◆ Data shown ◆
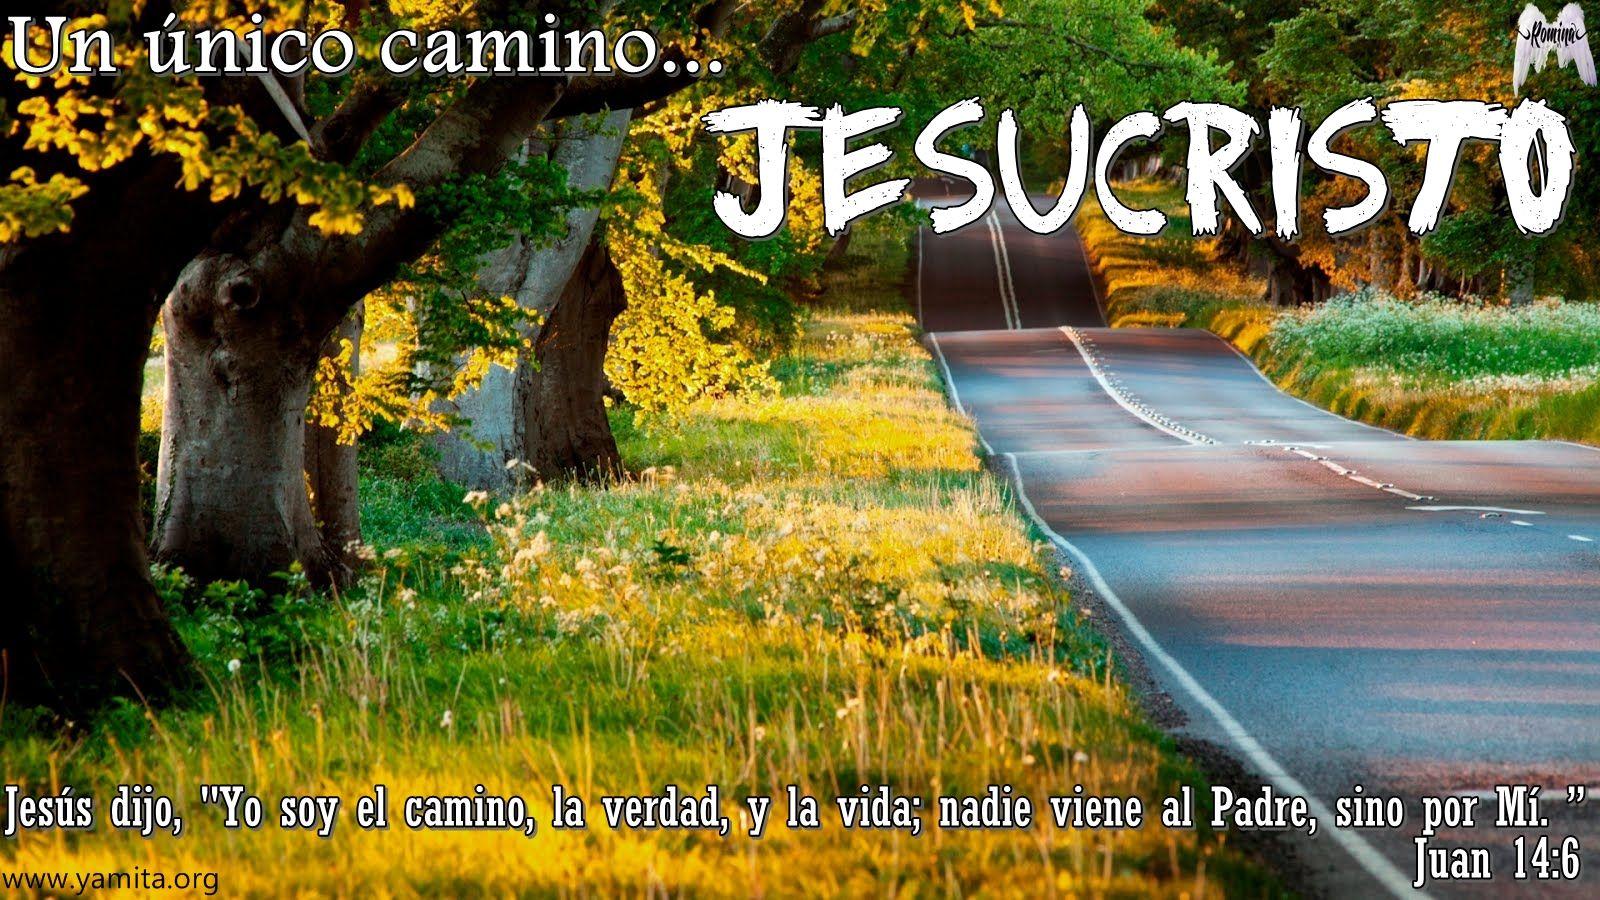 paisajes biblicos | paisajes bonitos con mensajes textuales de ...
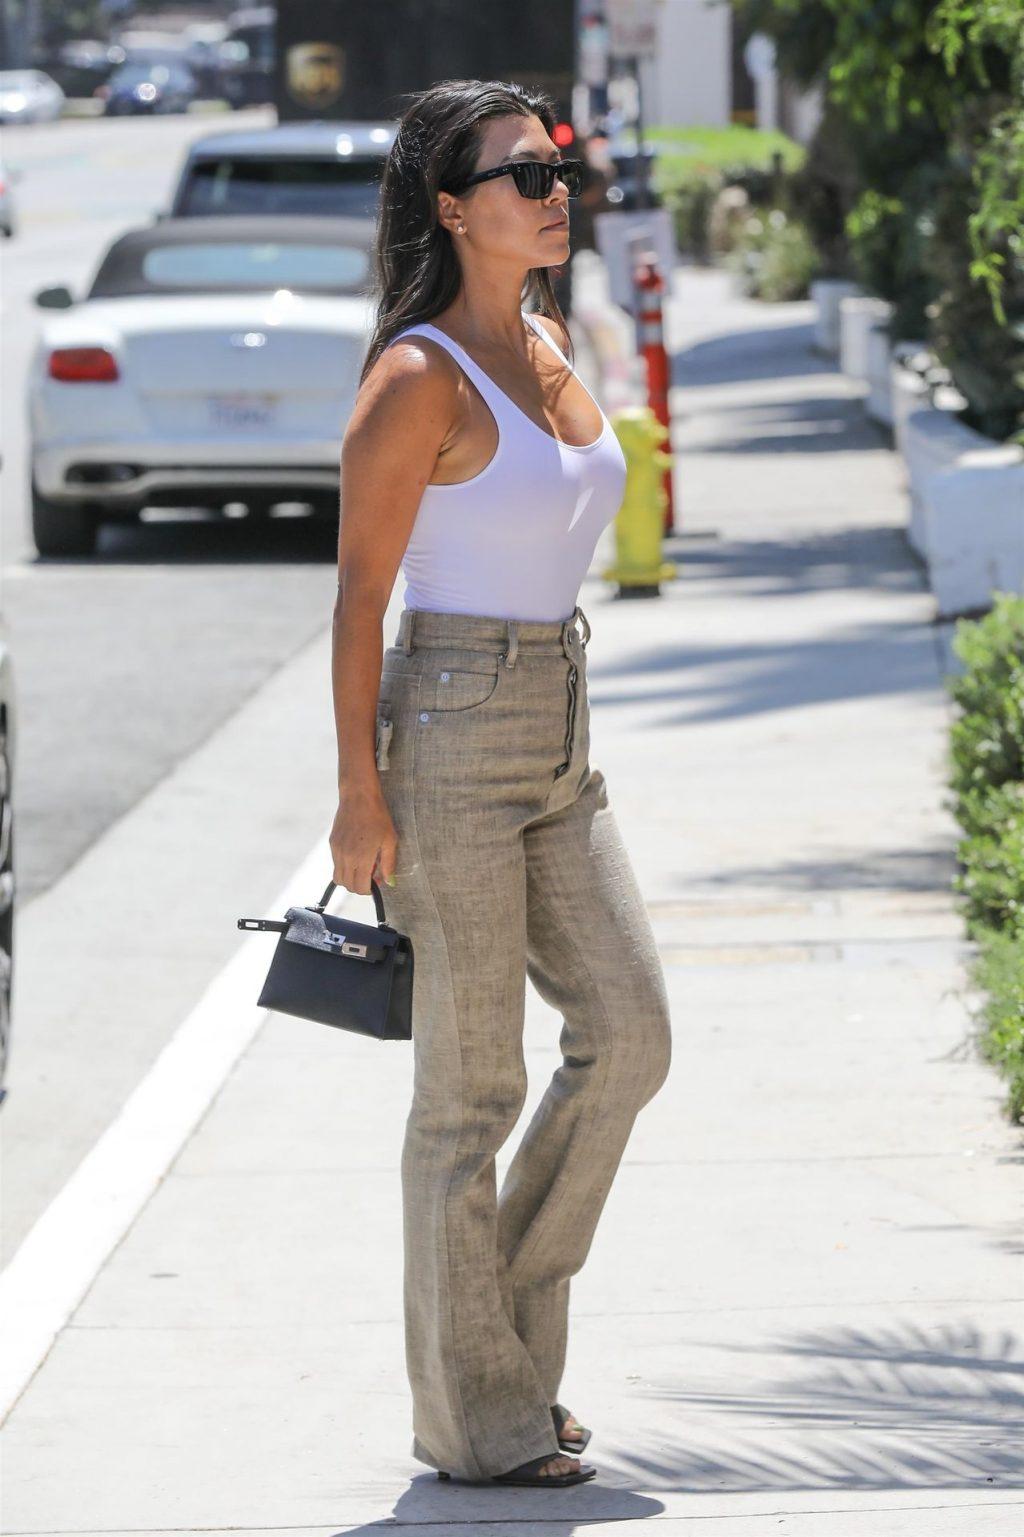 Kourtney Kardashian See Through Thefappeningblog Com 21 1024
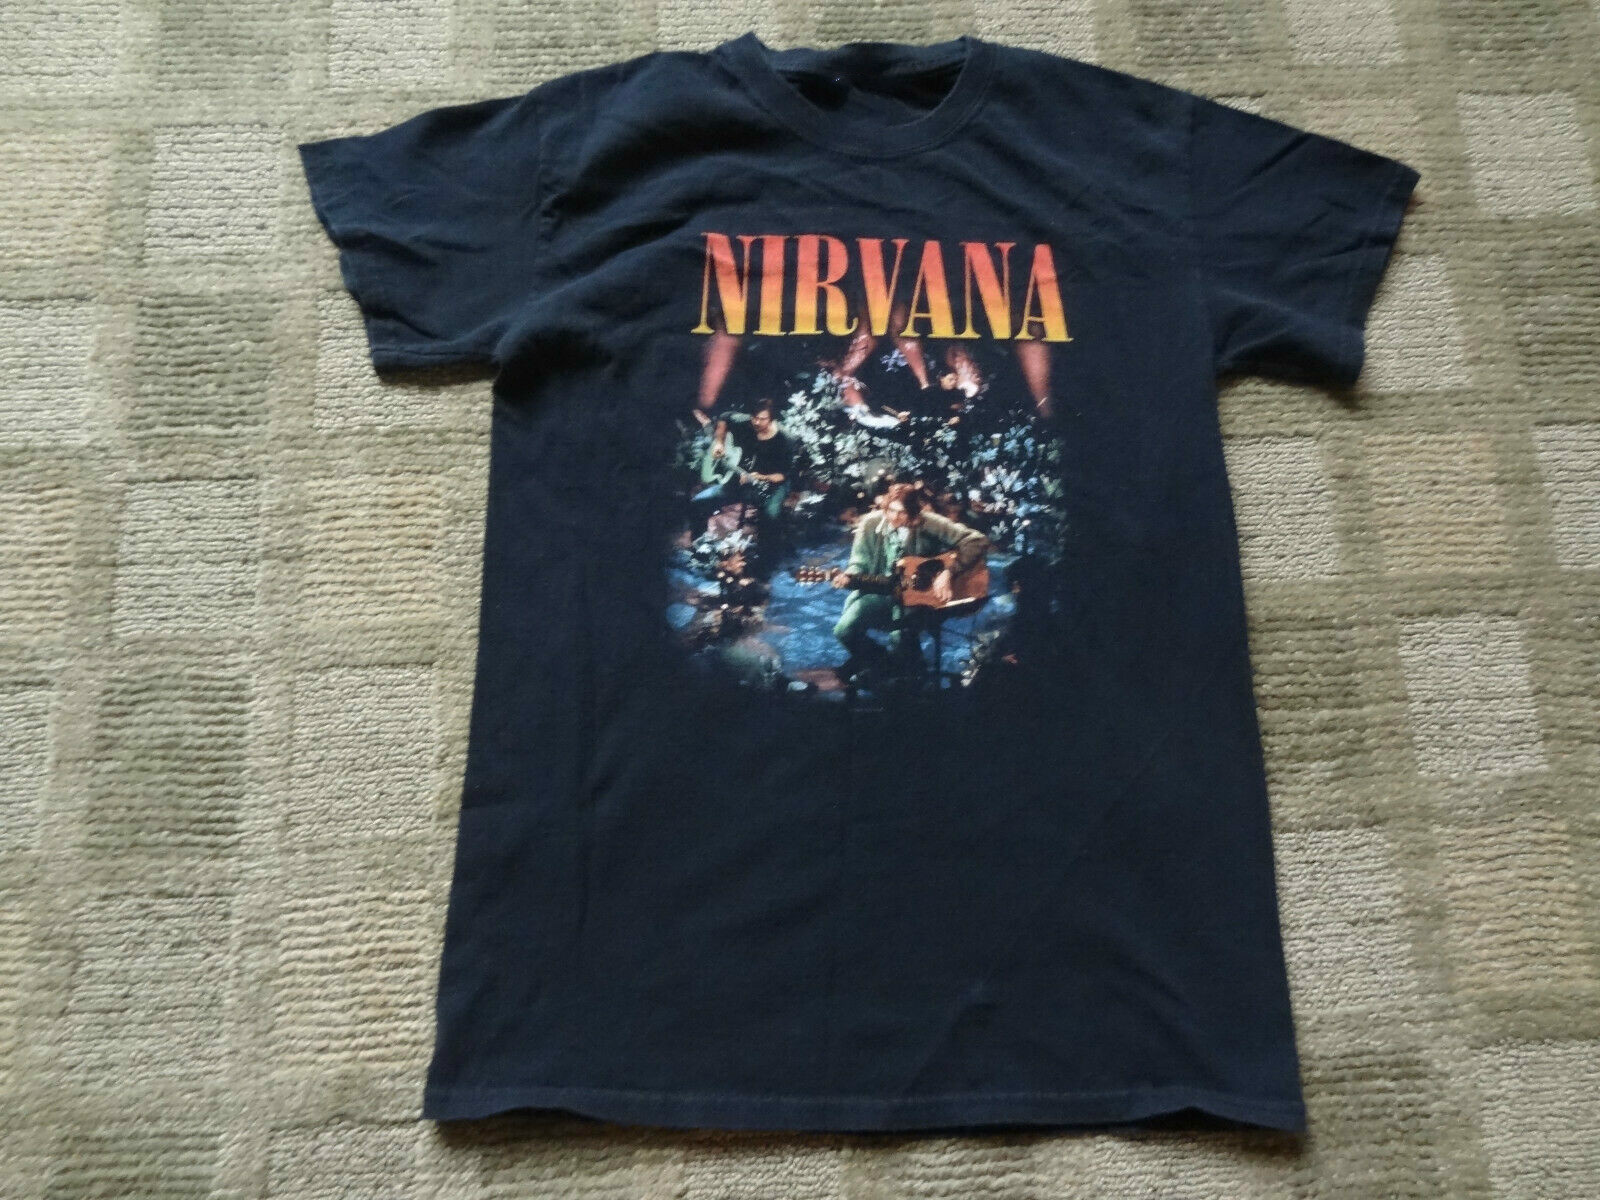 2008 Nirvana Black Unplugged T-Shirt Men's Small Tour Band
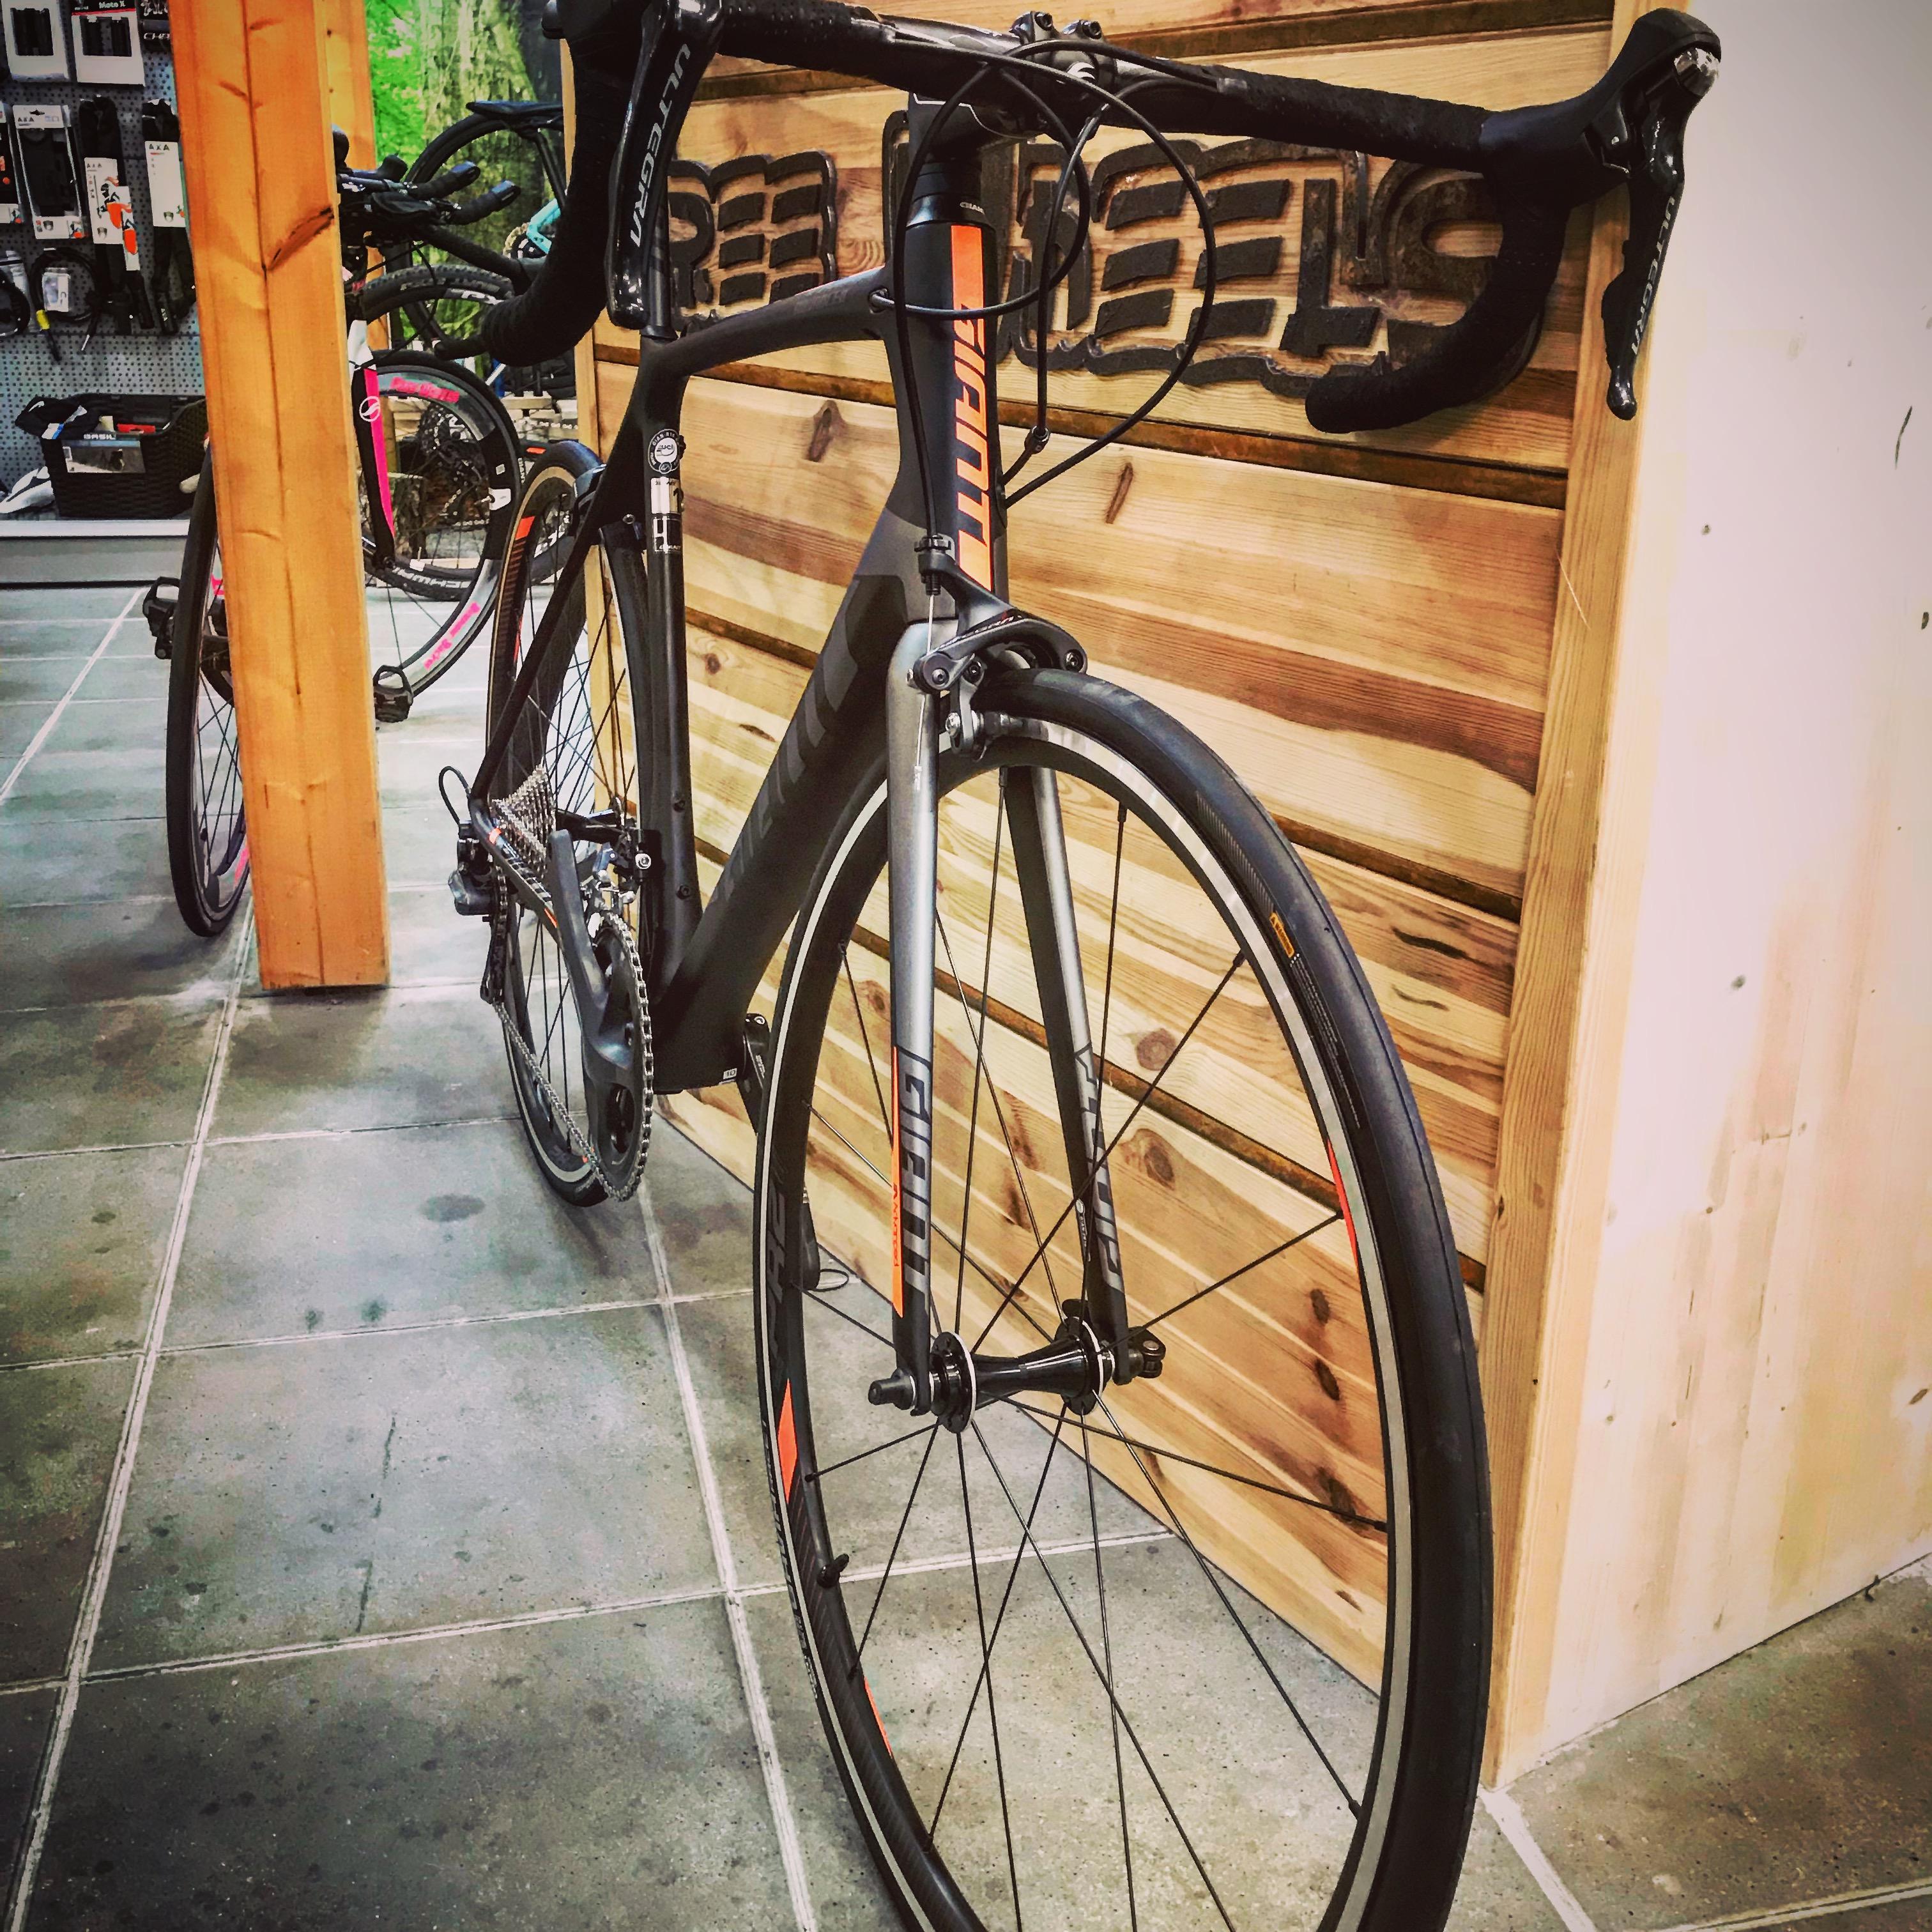 #free_wheels_shop, #pillnach, #kirchroth, #hdg, #jagdfieber, #ridegiant, #rideshimano, #ridelife

◆ What the task asks ◆
All of the data above needs to be retyped exactly, with the pictures removed.

◆ Completed task ◆
 paisajes biblicos | paisajes bonitos con mensajes textuales de ...
 Kourtney Kardashian See Through Thefappeningblog Com 21 1024
 2008 Nirvana Black Unplugged T-Shirt Men's Small Tour Band
 #free_wheels_shop, #pillnach, #kirchroth, #hdg, #jagdfieber, #ridegiant, #rideshimano, #ridelife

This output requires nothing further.